El año pasado conocí a un chico que, sin saberlo, me enseñó el verdadero valor de los porcentajes. Él había superado recientemente una enfermedad grave. Una de esas que marcan un antes y un después, que hacen que dejes de fumar, reinicies tu vida o empieces a ir a misa. Por entonces esperaba los resultados de 'x' prueba y estaba pendiente de una revisión 'y'. Él me gustaba, me importaba, y yo buscaba respuestas en las páginas de mi libro de hematología, pero sólo encontraba porcentajes. Porcentajes de complicaciones, porcentajes de recaída, porcentajes de superviviencia....Pero, ¿él iba a estar bien? Ninguno de aquellos estúpidos guarismos podía responderme la única pregunta cuya respuesta necesitaba conocer.

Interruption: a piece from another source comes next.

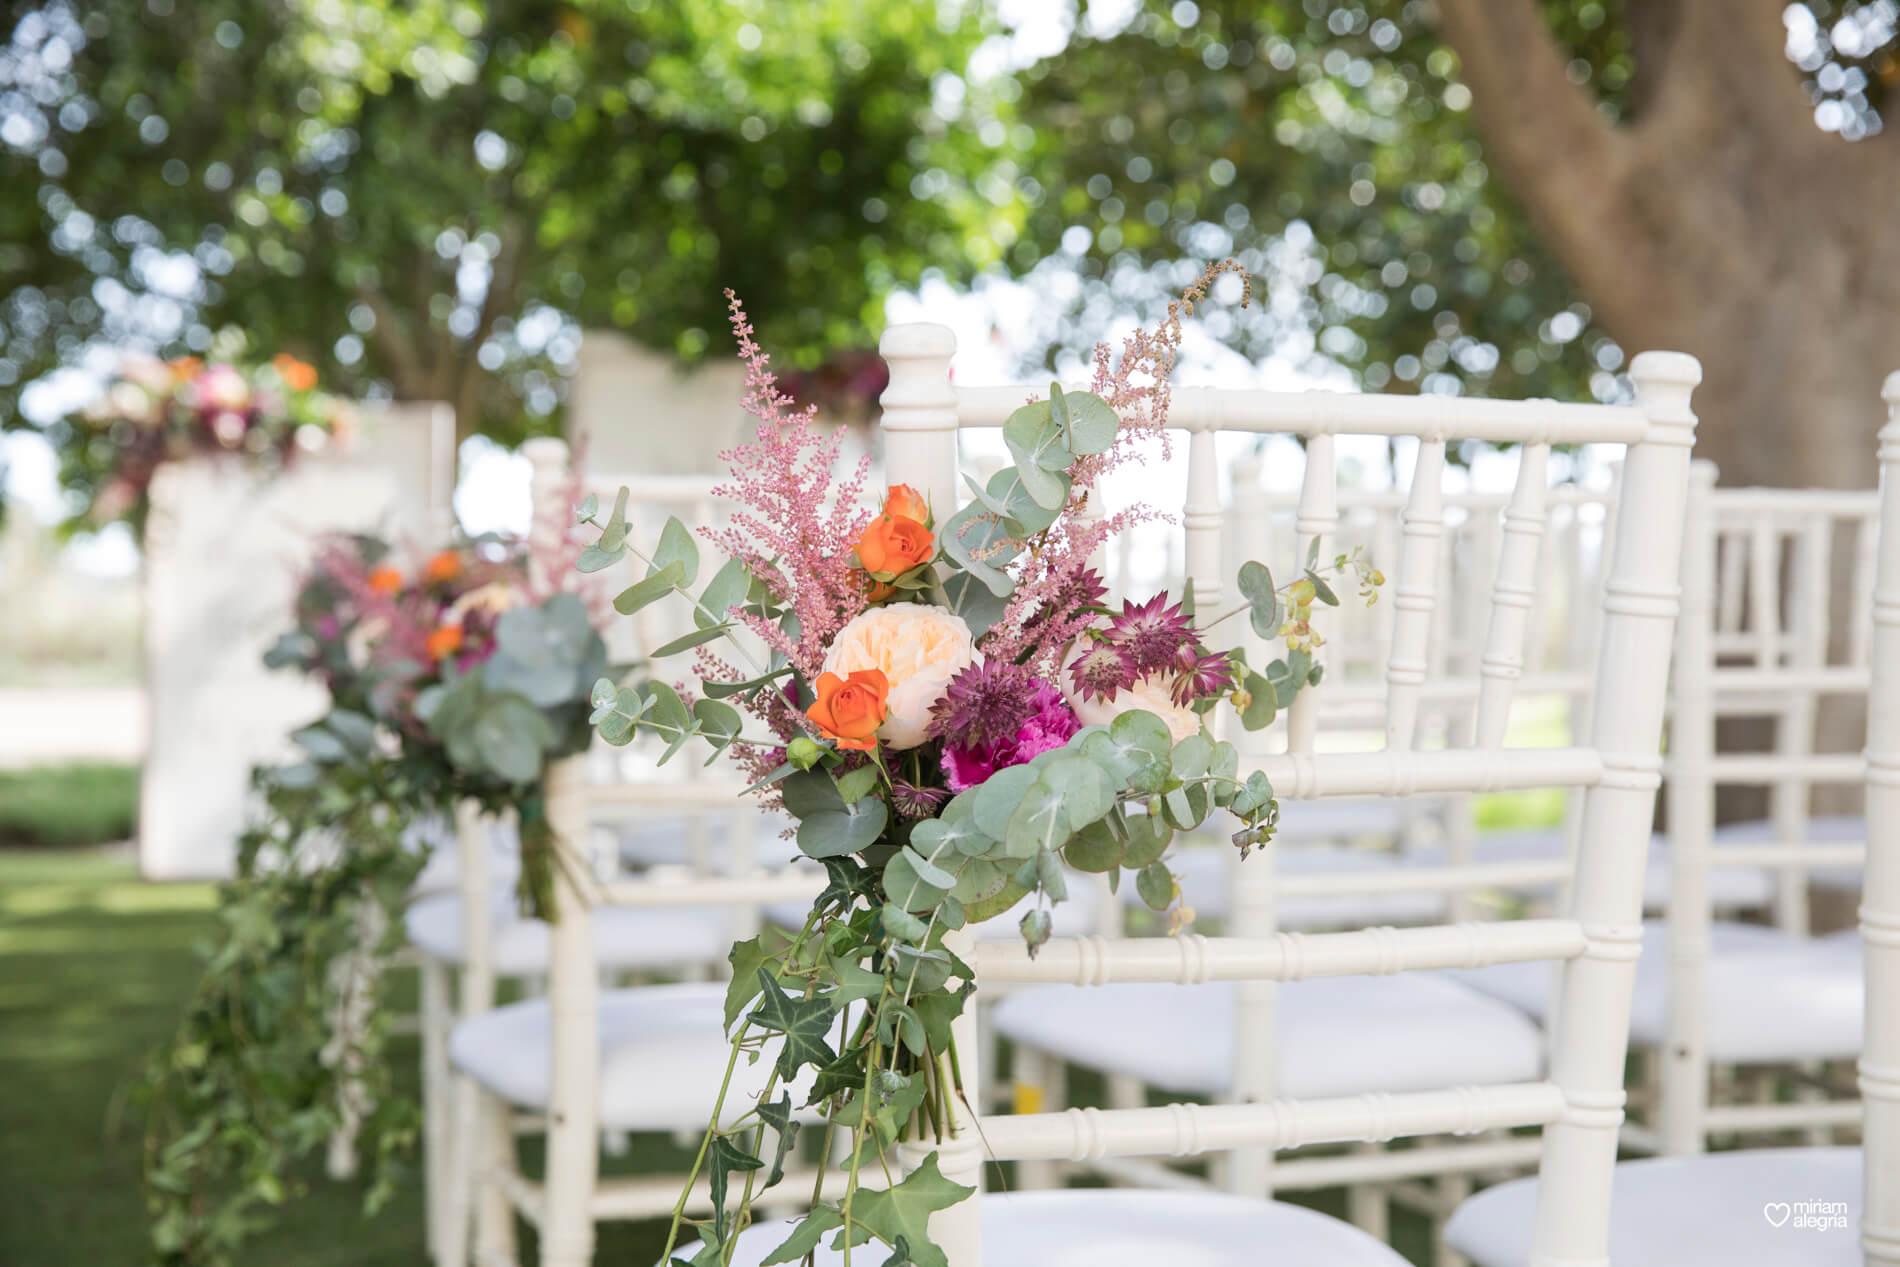 boda-en-finca-villa-vera-de-alemc7-miriam-alegria-fotografos-boda-murcia-96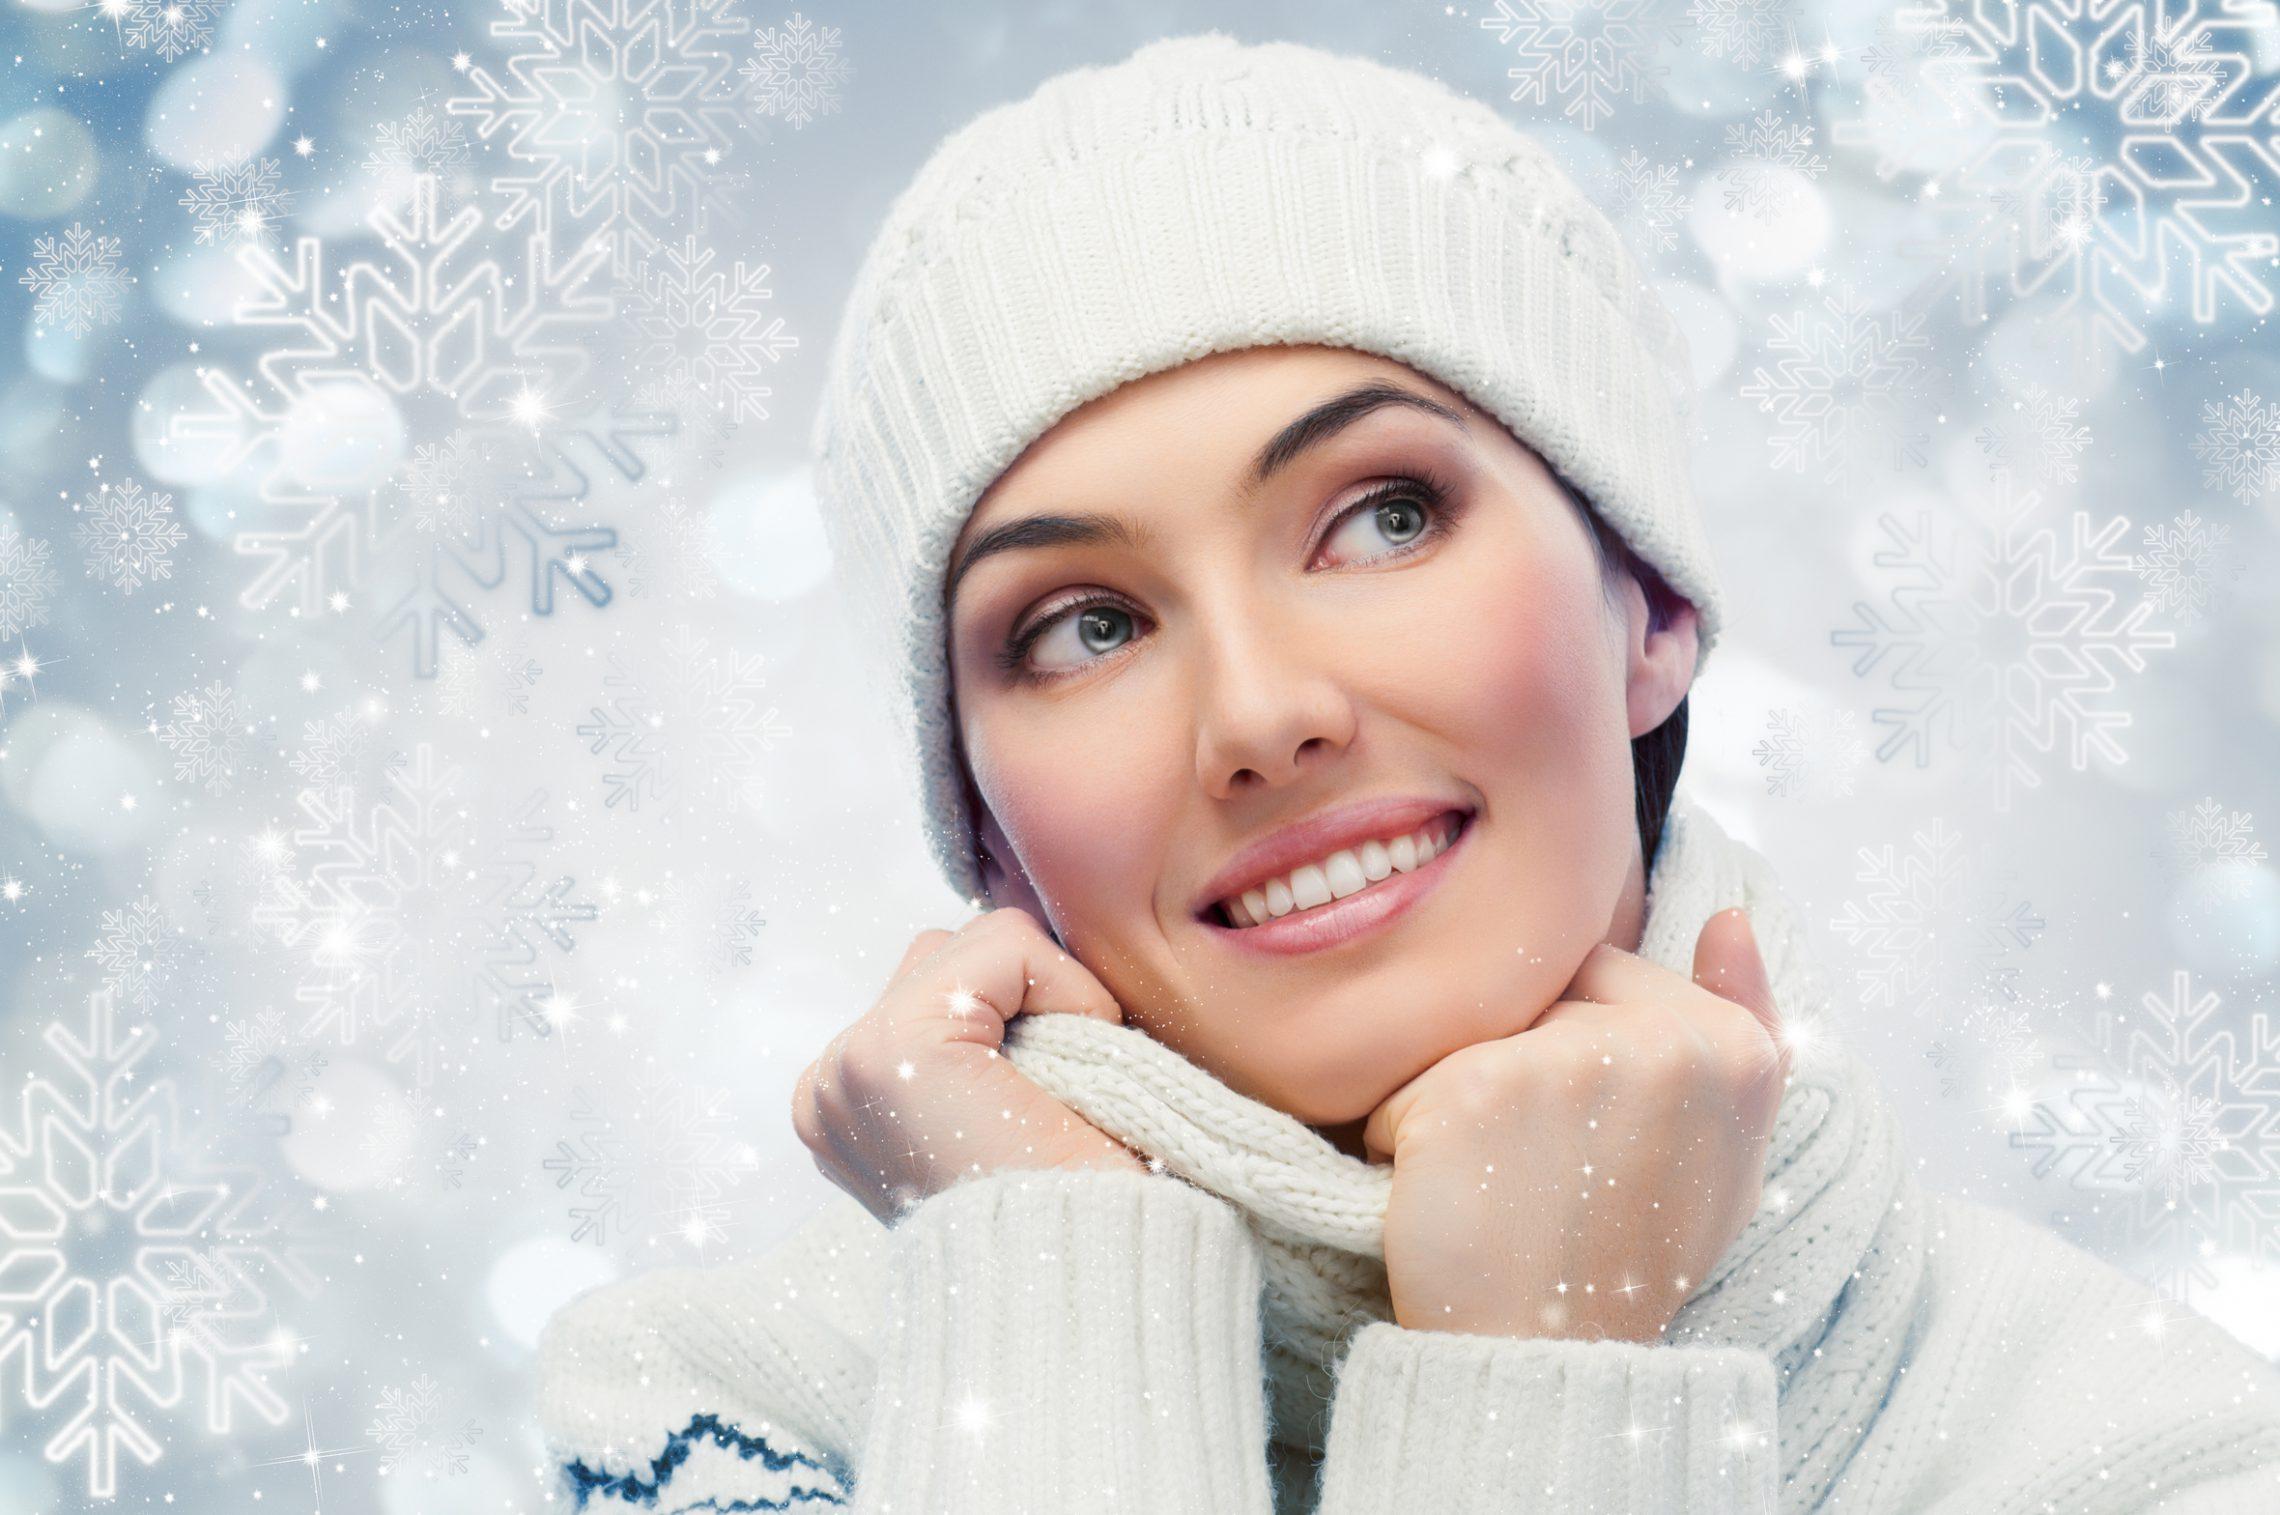 Jak pielęgnować skórę zimą: 6 skutecznych rad

Nunca supe el resultado de la prueba 'x', ni lo que se habló en la revisión 'y', pues lo que fuera que había entre nosotros cayó en saco roto, al igual que mi confianza en la estadística. Los números pierden valor al otro lado de la mesa. Son sólo carcasas vacías, flotantes, carentes de significado, pero con el particular don de aligerar los bolsillos de las batas blancas. Cuando te diriges a un individuo concreto, tan único como el número de su carnet de identidad, su huella dactilar o su particular combinación de genes, ¿qué importan los otros noventa y nueve si él es el uno por ciento maldito? ¿Cómo le dices a su familia que les tocó la lotería que nunca quisieron jugar? No hay números que alivien la presión de una desgracia, ni cifras que abriguen del frío de la enfermedad.
Si alguna vez me ves entrar en tu consulta, a mí ya no me hables de porcentajes, sólo dime qué puede salir mal.